Das Grinsen war aus Tills Gesicht verschwunden und er sah mir in die Augen, seine Hand hatte in der Bewegung inne gehalten.
„Ja...? Der Grund für...was? Dass du diesen Surfertyp nicht rangelassen hast?", seine Stimme war überraschend ruhig und sanft, trotzdem hatte ich ein ungutes Gefühl, was als nächstes kommen könnte. „Weißt du, was ich daran so lustig finde? Du hast dich über jede einzelne Zeile dieser Nachricht beschwert. Nur nicht über die, in der ich dein Freund bin."
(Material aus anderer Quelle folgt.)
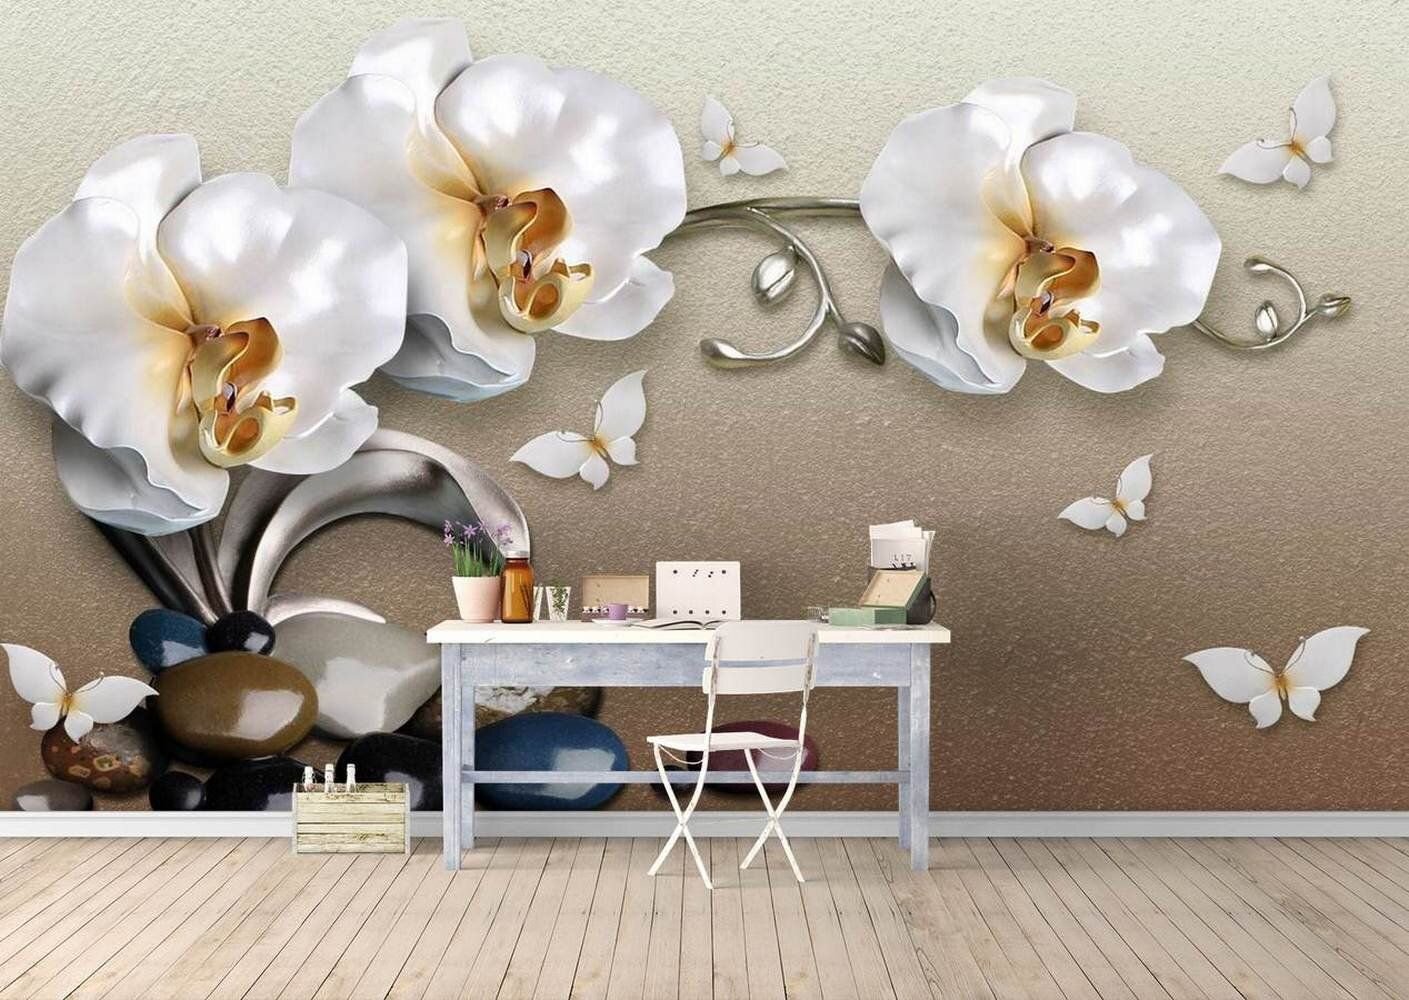 Обои в зал на потолке орхидеи. обои для стен с орхидеями, используем в интерьере цветочную тематику. правила подбора декоративных материалов для кухни

Sprachlos sah ich Till an, sah auf mein Handy und wieder zu ihm. Er hatte Recht. Ich hatte das nicht abgestritten, es einfach für gegeben hingenommen und gar keinen Gedanken an diese Behauptung verschwendet. Nur wusste ich nicht, ob er das lustig fand, weil er sich als das sah – als mein Freund – oder ob er sich darüber lustig machte, dass jemand anderer das denken mochte. Augenscheinlich musste ich so einen verwirrten Eindruck auf ihn machen, dass er über meine Wange strich und mich auf die Stirn küsste.

„So, und jetzt klären wir das, bevor dieser blonde Beachboy hier drauf noch Ansprüche stellt", raunte Till mir ins Ohr und gab mir einen Klaps auf den Oberschenkel."
„Wenn du dir vorstellen kannst, mit mir alten Sack eine Beziehung zu führen, wäre ich mehr als glücklich darüber."

Hatte ich gerade richtig gehört? Er wollte wirklich...mit mir...eine Beziehung?

„Oder nur ficken – auch kein Problem", brummte er gegen meinen Hals, an dem er sich gerade hinabküsste.

Jetzt musste ich lachen, nahm sein Gesicht in meine Hände und musterte diesen schelmischen Gesichtsausdruck, den er mir entgegen brachte.

„Nein, ich will dich – dich alten Sack, mit allem, was dazu gehört!", grinste ich von einem Ohr zum anderen und küsste ihn forsch.

„Schade, nie entscheidet sich eine nur für's Ficken...", feixte Till leise gegen meinen Mund.

Diesmal war er es, der einen Klaps auf den Allerwertesten bekam.